There’s little evidence to suggest that America’s jaguar population is bigger than thought. There’s also not much evidence of that child’s death — it’s just a story on Reddit. But of all the (allegedly true) stories on subreddits like r/Missing411 and r/TheTruthIsOutThere, where people document the disappearances and deaths of hikers, campers and anyone else who seems to have gone missing in nature, the theory that some of these deaths are caused by jaguars and other big cats far beyond their usual habitats is ultimately one of the more “realistic” possibilities — and plenty of people corroborate it.
In fact, the Appalachian big cat theory has enough lore to warrant numerous episodes on the Travel Channel’s Mountain Monsters. On the show, professional hunters and trappers search the woods for creatures real, mythical and somewhere in-between. In one episode, they search for a bear-like creature in Boone County known as the “Silver Giant.” In others, they hunt for a “Death Cat,” and discover massive claw marks on trees seeming to prove its existence. Numerous episodes are devoted to discovering species of Appalachian Bigfoot.

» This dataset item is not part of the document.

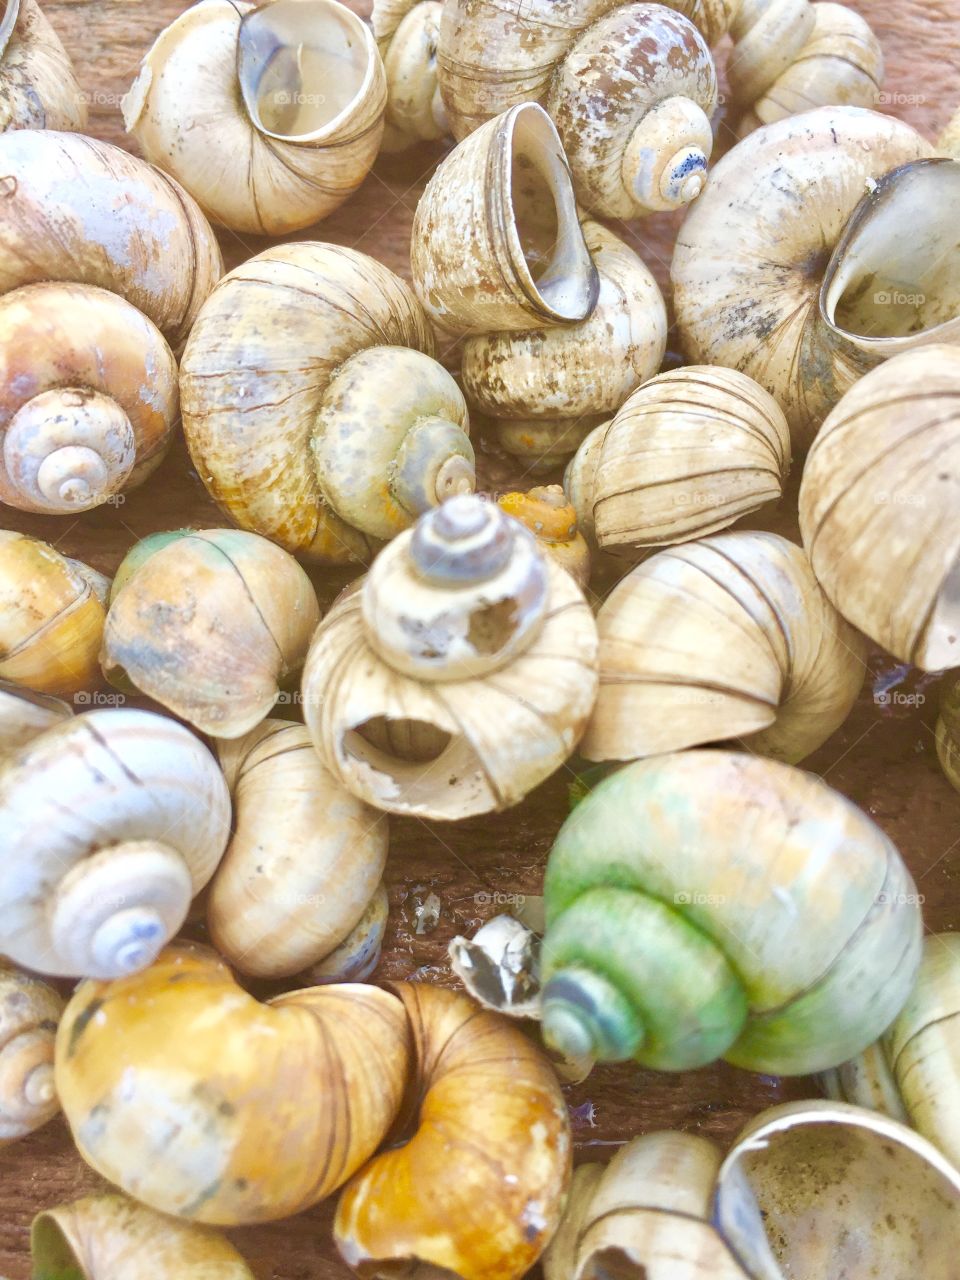 Shells from the Great Lakes

While this show (and others of the quixotic “quest for Bigfoot” genre) tend to lean toward camp and kitsch, the narratives shared on Reddit are often more genuine — and terrifying. An uncatalogued big cat population is in the realm of natural possibility: People may purchase and breed jaguars, tigers, lions and other predatory cats illegally. Then, when they become too large, these animals are either intentionally let loose or escape on their own. Panthers are indigenous to the southeastern U.S., though the population has declined so significantly that there are only an estimated 150 to 200 adult panthers exclusively in the Florida Everglades. Jaguars are thought to populate the Southwest along the U.S.-Mexico border, too, though only one has ever been spotted. Cougars and bobcats exist in most parts of the country, but none exhibit the appearance of black panthers/jaguars.
But what’s the big deal about a few extra jaguars? That’s where things get creepier. r/Missing411 is an unofficial, independent subreddit for discussing the theories and research of former police investigator David Paulides, who through a series of books has reported extensively on inexplicable disappearances and deaths in U.S. National Parks. Cases involving potential suicides, crime, drowning, faking one’s own death and animal predation are excluded from Paulides’ work, but instances of potential cryptid sightings, like Bigfoot, or of animals outside of their natural territory, such as panthers, often make their way into the subreddit. Even with these exclusions, thousands of alleged cases are documented in Paulides’ 13 books and among the group.
While r/Missing411 is primarily devoted to fact and logic regarding such mysteries, r/TheTruthIsOutThere allows for more room for the supernatural — aliens, demons, shapeshifters, ghosts, ancient creatures that feed off the human spirit. Many of the most popular stories in this group pertain to camping, hiking and National Park excursions.
With more than 350,000 members between the two groups, there are thousands of stories of strange encounters, people disappearing without a trace and seemingly impossible deaths. Even the most science-devoted might begin to wonder why there are so many cases of experienced hikers essentially falling off the face of the earth, or why bodies are found atop inaccessible mountains.
Maybe there’s a logical explanation to all of it. Ultimately, the idea that a hungry Bigfoot or cryptid wolf creature is actually a perfectly average jaguar outside of its usual range is one of the more logical theories. But which theory is most comforting: the wacky concept of a Bigfoot that’s never been found, or the very real existence of carnivorous panthers, a few hundred miles away from home?
Either way, being quarantined indoors feels a bit better now.